An original issue discount on a municipal bond occurs when a bond is issued below par (face value), and the discount accretes—builds up—over the bond’s life until maturity at par. Unlike taxable bonds, the accrued OID on a muni is not subject to federal tax, making munis especially attractive to high-bracket investors. However, buying a muni in the secondary market after issue complicates the picture: accrued versus original OID gets special treatment, and selling before maturity can trigger capital gains.

How OID Accretes at Issuance

A municipal bond issued with an original issue discount is sold by the issuer below par. If a 20-year muni with $1,000 par value is issued at $900, the $100 discount is the OID. This discount accretes—mathematically increases each year—until the bondholder receives the full $1,000 par value at maturity.

The accretion method depends on the bond’s structure. Most bonds use constant-yield (scientific) accretion, which accounts for the compounding of the discount over time. Some use ratable (straight-line) accretion. Under constant-yield, the accretion is smaller in early years and larger in later years, reflecting the yield earned on the growing bond value.

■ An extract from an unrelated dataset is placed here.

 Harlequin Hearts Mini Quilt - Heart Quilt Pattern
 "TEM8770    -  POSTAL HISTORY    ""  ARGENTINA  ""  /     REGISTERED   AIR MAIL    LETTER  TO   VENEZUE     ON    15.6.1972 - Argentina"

From a bondholder’s perspective, each year the accrued OID represents “income”—the increase in the bond’s value. Federal tax law treats original OID on municipal bonds as tax-exempt; the accrual is not subject to federal income tax, even though you don’t receive a check for it. This makes OID munis particularly valuable to high-bracket taxpayers who want tax-free accumulation.

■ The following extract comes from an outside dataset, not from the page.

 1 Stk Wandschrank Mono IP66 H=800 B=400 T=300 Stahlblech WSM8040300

Tax Treatment of Original OID

The key advantage: original OID accrual is exempt from federal taxation. This applies only to munis that were issued with a discount (original OID), not munis purchased at a discount in the secondary market.

If you buy an OID muni at original issue and hold it to maturity, you receive no interest payments during the life of the bond (if it’s a zero-coupon muni) or interest plus accretion. At maturity, the issuer pays you par, and you owe no federal tax on the discount accretion. Your tax gain—if any—comes only if you sold the bond before maturity for more than your purchase price.

This tax-free treatment is a major reason institutional and high-income investors favor OID munis. The accrual compounds tax-free, which is equivalent to earning a significantly higher after-tax yield on a taxable bond.

Secondary Market Purchase and Market Discount

Complications arise when you buy a muni in the secondary market after original issuance. Suppose an OID muni originally issued at $900 is now trading at $950 two years later. If you buy it at $950, you face a split:

  • Original issue discount (issued at $900, par $1,000): the original $100 discount is partially accrued and partially remains; the remaining portion is original OID and accretes tax-free
  • Market discount (your purchase at $950, par $1,000): the $50 difference between your purchase price and par is market discount, and its accrual is taxable

The IRS treats them differently. Original OID continues to accrete tax-free. Market discount accrues as ordinary income (not capital gains) as the bond approaches maturity, unless you make an election to accrue it annually.

Market Discount Election and Accrual

If you buy a muni at a market discount, you have two choices:

Without election (defer accrual). You pay no tax on the market discount until you sell the bond or it matures. If you sell for a gain, the gain is taxed as ordinary income, not as capital gain.

With market discount election. You elect to accrue the market discount annually over the bond’s remaining life. Each year, a portion of the market discount is included in gross income and taxed at ordinary tax rates. At maturity or sale, the remaining accrued amount adjusts your basis, potentially reducing or eliminating any gain.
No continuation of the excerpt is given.